In general, homeowners facing foreclosure, as the legal owners of the property, are allowed to stay in possession their homes up until the day of the foreclosure sale itself, if they choose. Judicial foreclosure, the process utilized in New York where I practice, can take anywhere from 12-18 months to complete. Just because a default has occured does not mean that all is lost. Even after the initial loan default, a homeowner is given a period in which they can cure their default and reinstate their mortgage. This is called the “redemption period”. During this time, they have the opportunity to raise the money necesary to repay their default, and upon payment, their mortgage in reinstated and they retain ownership of their home. Regardless, a homeowner is allowed to continue living at the property throughout the entire foreclosure process.

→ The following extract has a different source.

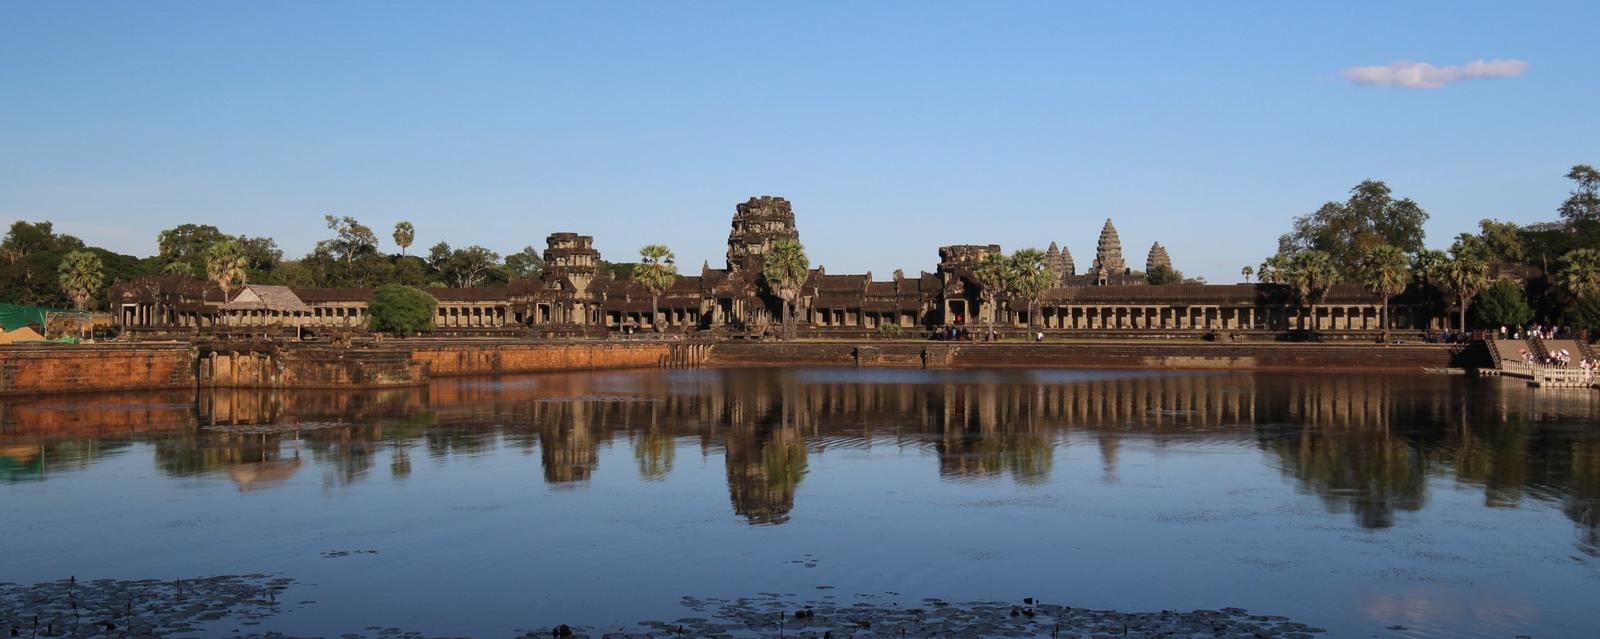 temple d'angkor vat cambodge audreyfario.com

If the balance on your mortgage(s) greatly exceeds the present market value of your home, and you have concluded that your can no longer afford to support the mortgage payments, one of the most effective ways to get more time to stay in your home during a foreclosure, as well as deal with all of your other debts, is to consider declaring bankruptcy. While it may not be the right decision for everyone, the filing of a bankruptcy petition imposes an automatic stay on all creditors, including your mortgage holder. This means that the foreclosure proceedings will be put on hold for a specified amount of time. In most instances, filing Chapter 7 bankruptcy can delay the foreclosure proceeding for approximately 3-6 months. This is in addition to the time that foreclosure process usually takes to complete. The goal of this strategy is to file the Chapter 7 bankruptcy sooner rather than later. In this way, since you will no longer responsible for paying the mortgage, you will now have the opportunity to begin to put aside a reserve fund that you will be able to use to secure new living arrangments once the foreclosure is completed. Please note however that so long as you remain in possession of your home, you will still be required to maintain your regular payments for the utilities servicing the property, as well as your homeowners insurance.
Others may be able to save their property by filing for Chapter 13 bankruptcy. There are many benefits to filing Chapter 13 in this situation. In Chapter 13, you are given the opportunity to work out a payment plan with your mortgage lender, as well as your other creditors, for a period of up to 5 years. This means that so long as you “hold up your end of the bargain” and fulfill your obligations under your Chapter 13 Plan, you can remain in your home indefinitely. Chapter 13 may also be used to eliminate the payments on your second or third mortgage. That’s because, if the balance of your first mortgage exceeds the present market value of your home (which is possible in this market if the home has dropped in value), you may no longer have any equity with which to secure the junior mortgages. In this situation, a proceeding can be brought to “strip off” the second and third mortgages and re-categorize them as general unsecured debt (like credit cards) which, under Chapter 13, takes last priority and are often paid only pennies on the dollar.